Each tool call returns results that agents use to decide next steps. Read, Write, Edit, Bash, and more—all produce visible outputs.

Test Documentation Sync

Both @builder and @developer enforce test documentation sync before every commit. This prevents stale test references from being committed.

Pre-Commit Detection

Before staging files for commit, agents scan for stale test references—deleted test files that are still referenced in configuration, old function names that have been renamed, or missing test utilities.

What Gets Checked

  • Test file imports match existing source files
  • Jest/Vitest config references valid test patterns
  • Playwright config test directories exist
  • Mock/fixture references point to valid files

When Issues Are Found

If stale references are detected, the agent automatically fixes them before proceeding with the commit. This typically involves updating import paths, removing references to deleted files, or renaming function calls to match current implementations.

Temporary Files Policy

All implementation agents enforce a strict rule: never write temporary files to system paths like /tmp/. Instead, agents use the project-local .tmp/ directory.
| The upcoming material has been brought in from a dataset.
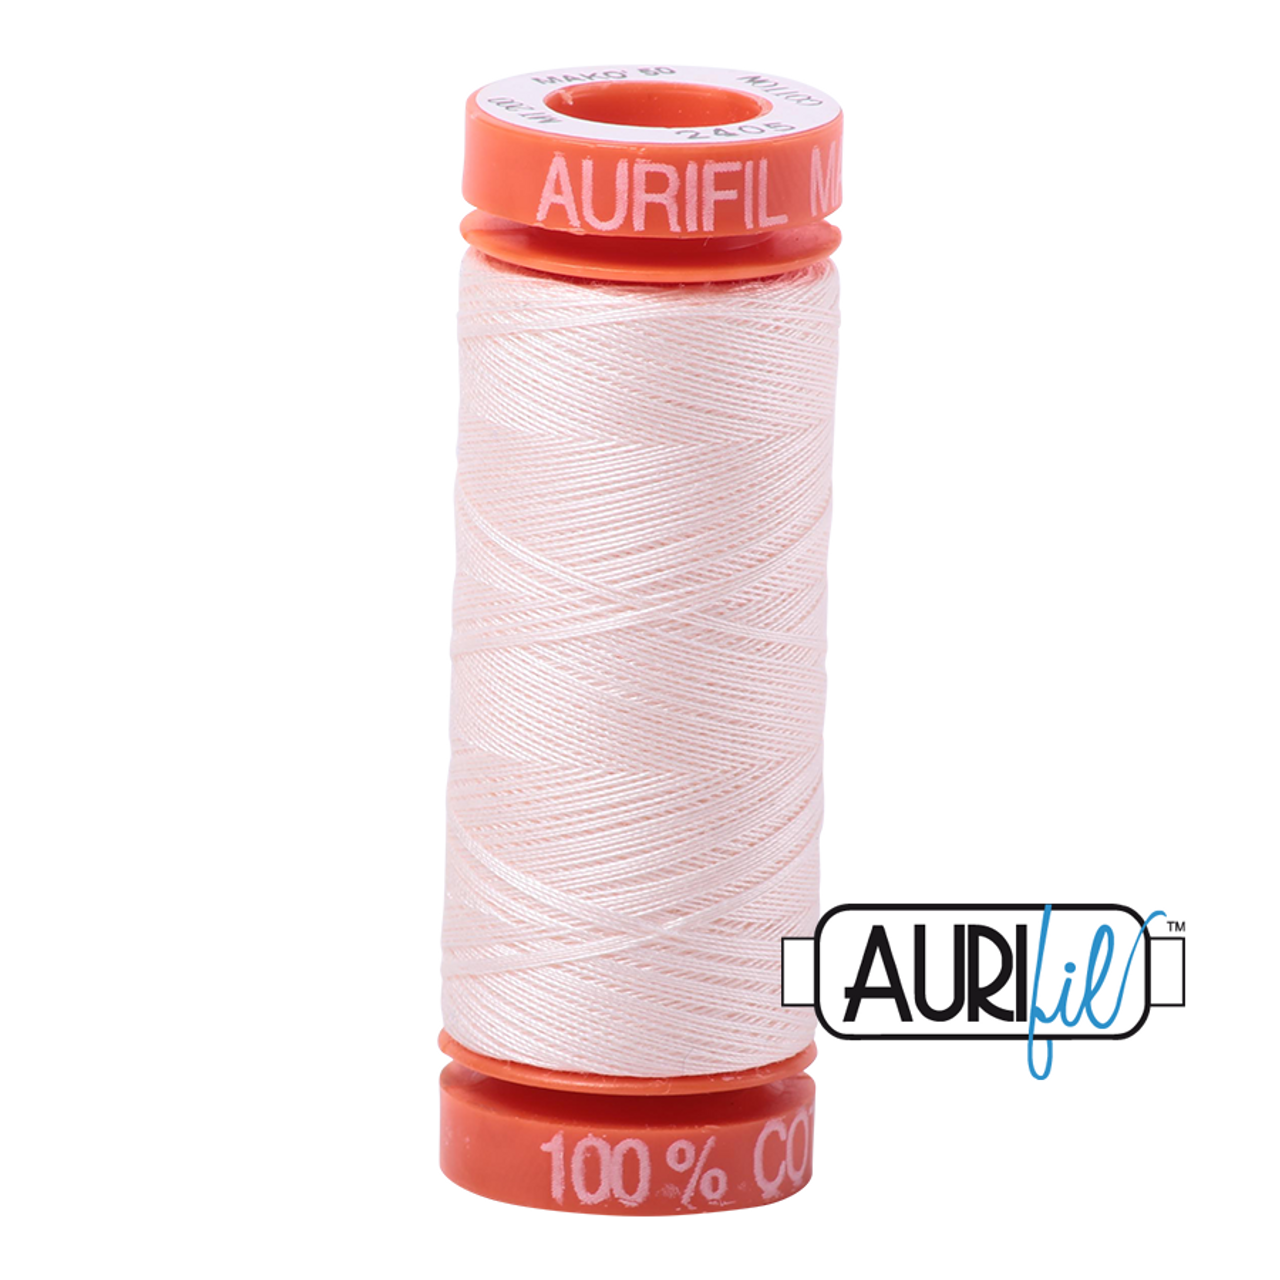 150m 2460 40wt Aurifil Cotton Quilting Thread Dark Carmine Red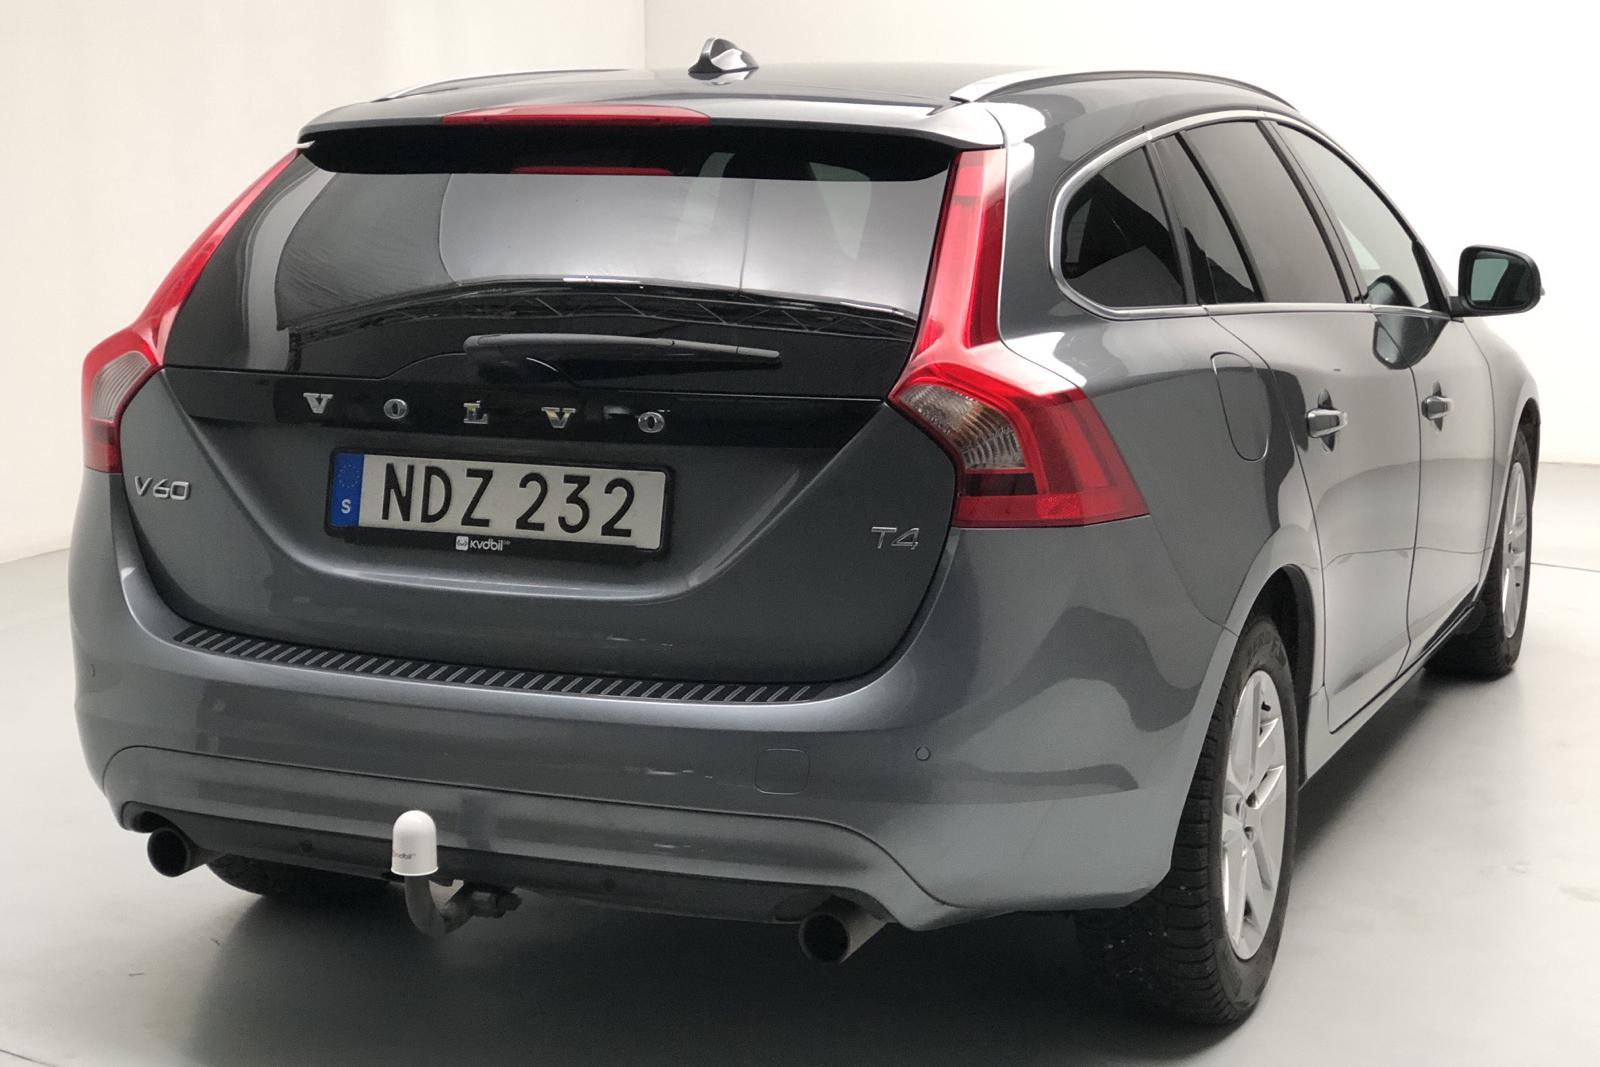 Volvo V60 T4 (190hk) - 7 800 mil - Automat - grå - 2016

This is enforced in AGENTS.md and in each agent's individual instructions.

⚠️Why not /tmp/?

  • Module resolution failuresScripts in /tmp/ can't resolve project dependencies. require('../../src/utils') breaks when the script runs from a different filesystem root.
  • macOS /private/tmp/ mappingmacOS maps /tmp/ to /private/tmp/, causing path comparison mismatches and confusing debug output.
  • Permission promptsSome environments restrict /tmp/ access, causing unexpected permission dialogs mid-automation.

Affected Agents

This policy is enforced across all 8 implementation sub-agents:

developer

Added Temporary Files section with AGENTS.md anchor and developer-specific rules

hammer

Added Temporary Files section with AGENTS.md anchor

overlord

Added Temporary Files section with AGENTS.md anchor

go-dev

Added /tmp/ restriction to Scope Restrictions

react-dev

Added /tmp/ restriction to Scope Restrictions

java-dev

Added /tmp/ restriction to Scope Restrictions

python-dev

Added /tmp/ restriction to Scope Restrictions

ui-tester-playwright

Added /tmp/ restriction to Important Notes

Correct Pattern

# ❌ Don't do this
/tmp/debug-output.log
/tmp/test-script.sh

# ✅ Do this instead
<project>/.tmp/debug-output.log
<project>/.tmp/test-script.sh

Agent Categories

Sub-agents are organized by their specialty:

29

Critics

Review code quality, security, accessibility, and best practices.

16

Developers

Implement features in React, Go, Python, Java, and more.

9

Testers

Write unit tests, integration tests, and E2E tests.

3

Orchestrators

Coordinate other agents and manage workflows.

8

Utilities

Debugging, docs, cleanup, and specialized tools.